Я продолжал молчать, глядя вперед. В глазах у меня потемнело, но я видел всех их — и этого в порванной майке, и бородача, и огромного, голого по пояс, с волосатой спиной, зэка, сидящего за столом и угрюмо пьющего что-то из алюминиевой кружки.
— Ты, браток, немой, что ли? — Рыжий вышел из-за стола, отбросив ногой лавку. — Ты из какой камеры?
Сосед по столу сказал ему что-то на ухо. Рыжий взял га зету, лежащую на ближних нарах, глянул в нее. Потом на меня.
— Не из сто четырнадцатой ли? — Что-то изменилось в его лице, он, видимо, прочитал в моих глазах согласие. — Из одиночки?
Я кивнул.
— Так…
Рыжий оглянулся куда-то в глубь камеры, где сидели трое мрачных зэков и сказал, обращаясь к одному из них, со звездой на груди:
— Вроде он?
В следующий момент заключенные как будто расступились — во всяком случае, я ясно увидел, как тот, к кому обращался рыжий, перевел на меня тяжелый немигающий взгляд. Потом переглянулся с кавказцем с тонким профилем, сидящим рядом, поигрывающим кольцом. Тот слегка поморщился.
— Обезьяна. Посмотри.
Огромный волосатый зэк поднялся, вырвал у меня пакет с вещами — листки рассыпались по полу — поискал там что-то, бросил мне.

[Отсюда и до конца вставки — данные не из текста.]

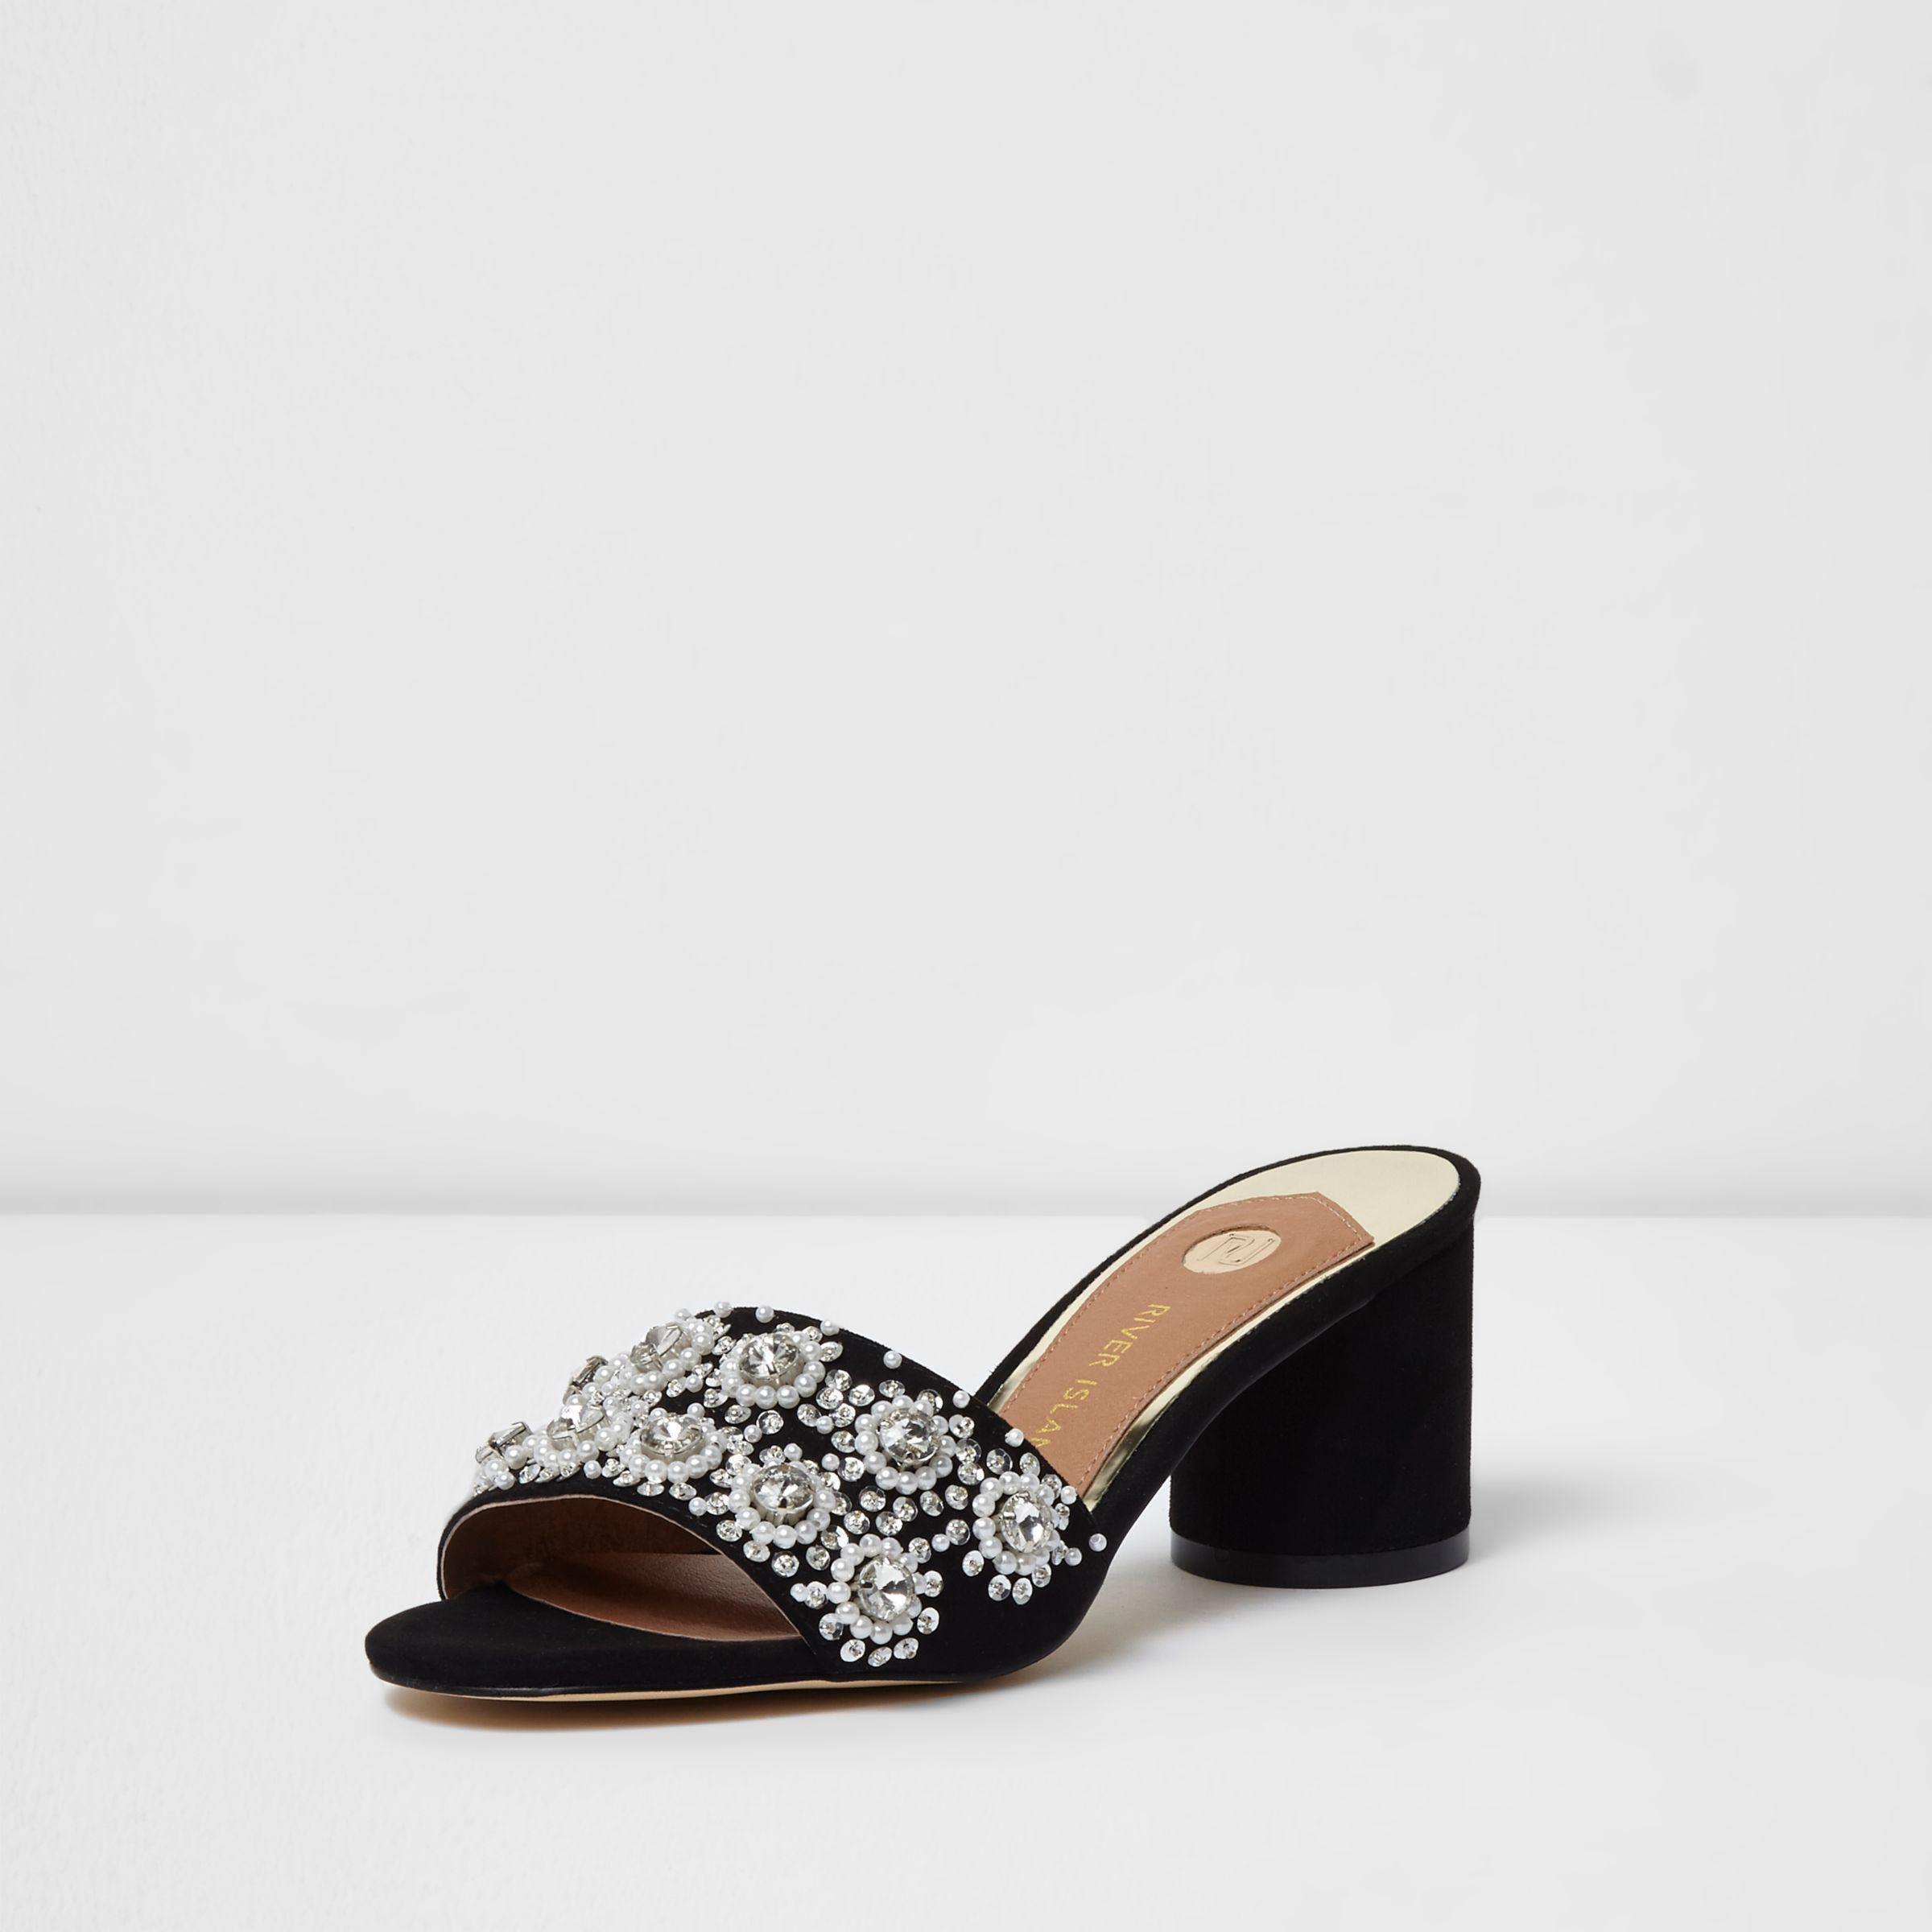 8df759d3b40 River Island Black Diamante Embellished Block Heel Mules in Black - Lyst

— Это ты тот, кто свою жену замочил? — сказал мне зэк со звездой. — Это про тебя там пишут? — Он кивнул на газе ту.
— Я никого не убивал.
Я не узнал своего голоса. Он выдал мой страх.

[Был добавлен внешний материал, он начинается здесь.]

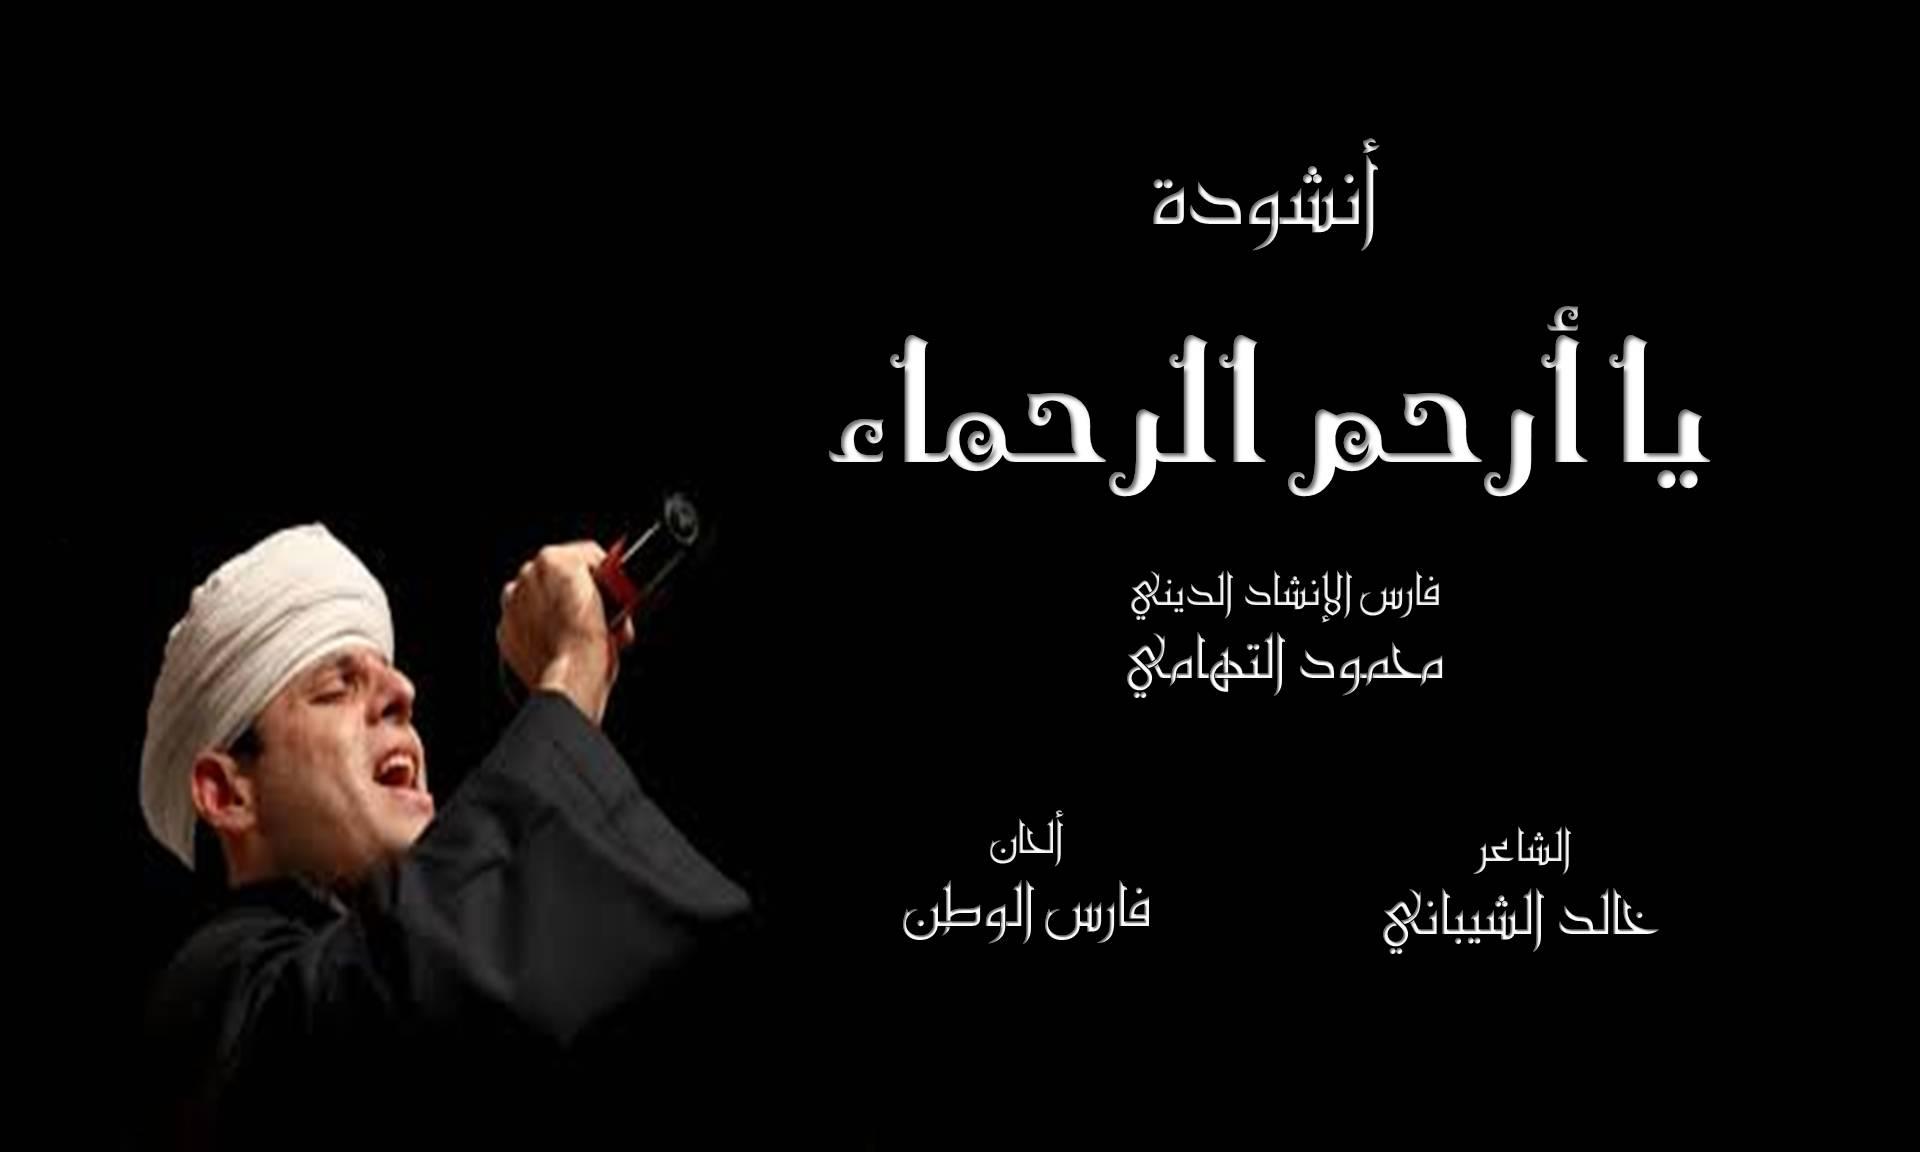 صورة اغانى دينية مصرية , اروع الاغاني الدينية المصرية 4763 1

— Савва, это он, — сказал рыжий. — Все, как в маляве.
— Не кипишись, Золотой, — голос у человека со звездой был низкий и хриплый. — Как же получилось, что тебя закрыли?
— Я не знаю.
Зэк помолчал. Снова посмотрел на кавказца.
— Бесо?
Тот ответил прямым взглядом, едва заметно кивнув.
— С тачкой ты кудряво придумал. — Зэк медлил, как будто что-то взвешивая. — Надеешься на условняк отбиться?
Я не ответил.
В камере повисла тревожная тишина.
— Бабки, конечно, хорошее дело. — Он посмотрел мне прямо в глаза. — Только не со всеми можно договориться…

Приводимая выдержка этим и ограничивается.